Evermore explained Honza is among the lucky ones who caught the fraud early.
“What is going to happen this month, that is particularly terrifying to me, is that those people whose identities have been stolen will receive a 1099-G that they should have to pay taxes on this money that somebody else took out in their name,” said Evermore. “They may not have known their identity was stolen.”
Most people will learn of it when they receive the 1099-G form in the mail. However, in some cases where scammers changed the addresses on file, a person may not learn of the fraud until they apply for a tax refund and it is withheld.
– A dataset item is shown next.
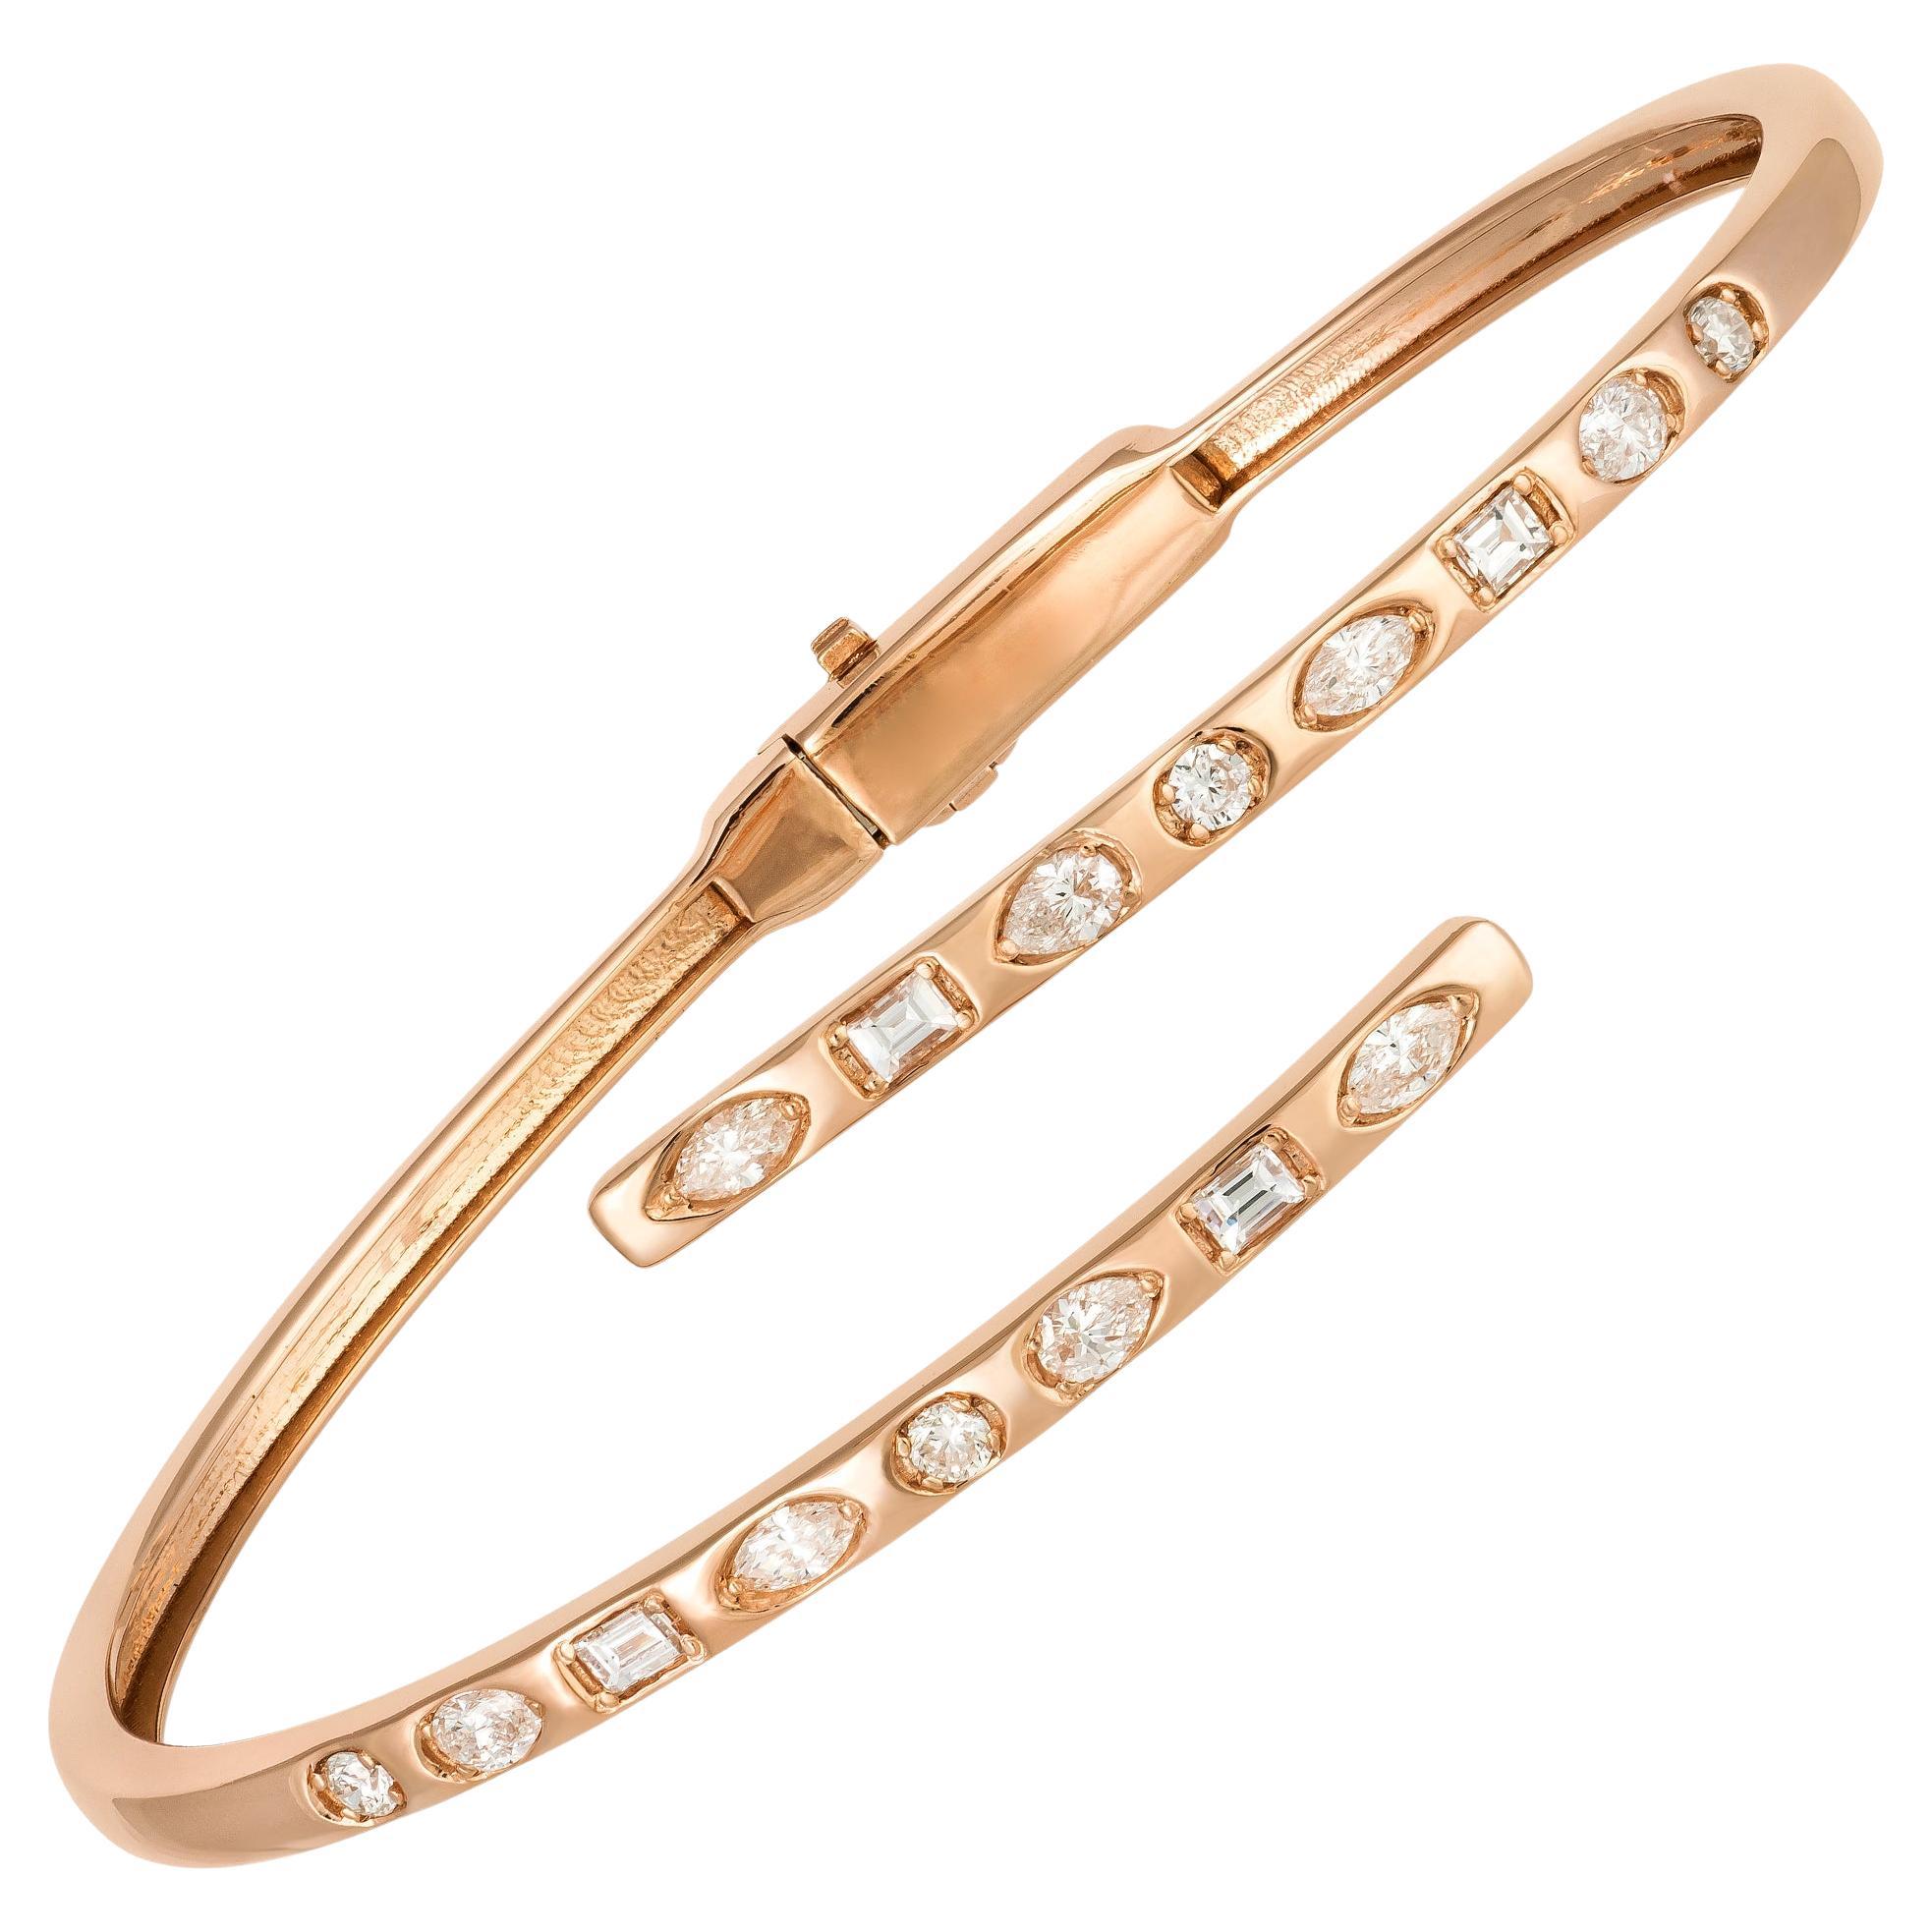 Modern Pink Gold 18K Bracelet Diamond for Her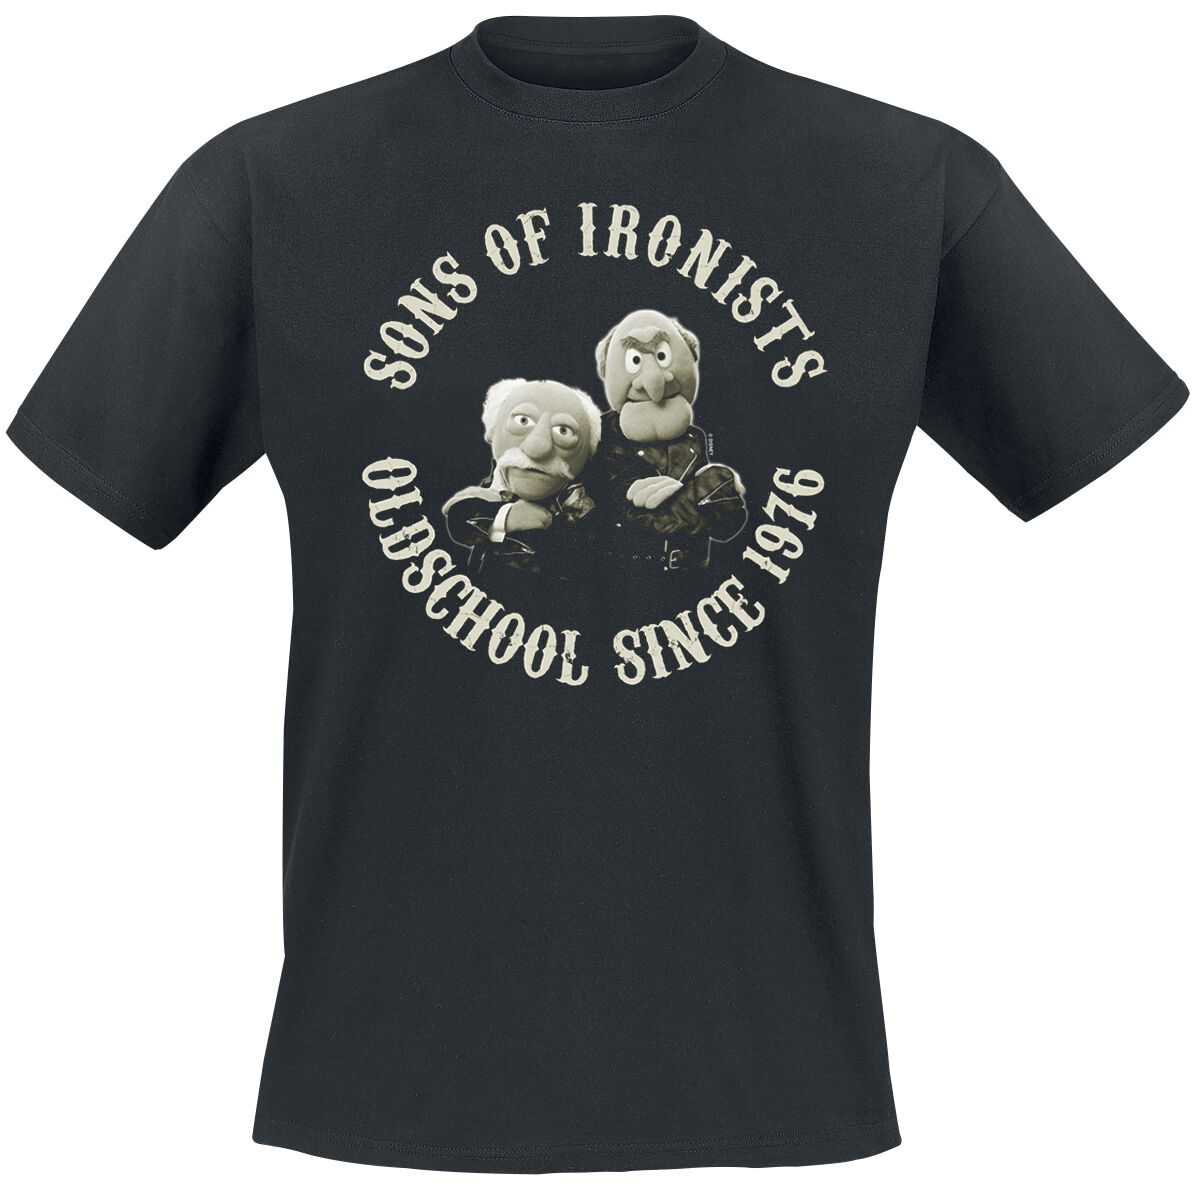 Die Muppets T-Shirt - Sons Of Ironists - M bis 5XL - für Männer - Größe L - schwarz  - Lizenzierter Fanartikel

For some, this is a scary thought, but Evermore advises those people not to panic.
“These agencies are setting up communication pathways for people to identify that their identity has been stolen, because this is so prevalent,” said Evermore. “They do want to stop the scammers.”
Most people should be able to resolve the tax and identity issues within a few weeks, after reporting it to their state’s unemployment system and other necessary agencies.
“I am going through what I am going to call a first-world problem, but some other people are going through a lot worse,” Honza explained.
Some, like Honza, worry more about how these scammers are affecting those who actually have lost their jobs.
“In the most recent relief bill, now every single state has to have at least another step of identity verification in order for people to get benefits, and as we know, any hurdle to benefits is going to exclude people,” said Evermore.
At the very least, the requirement is meaning some have to wait longer for benefits they desperately need now to survive.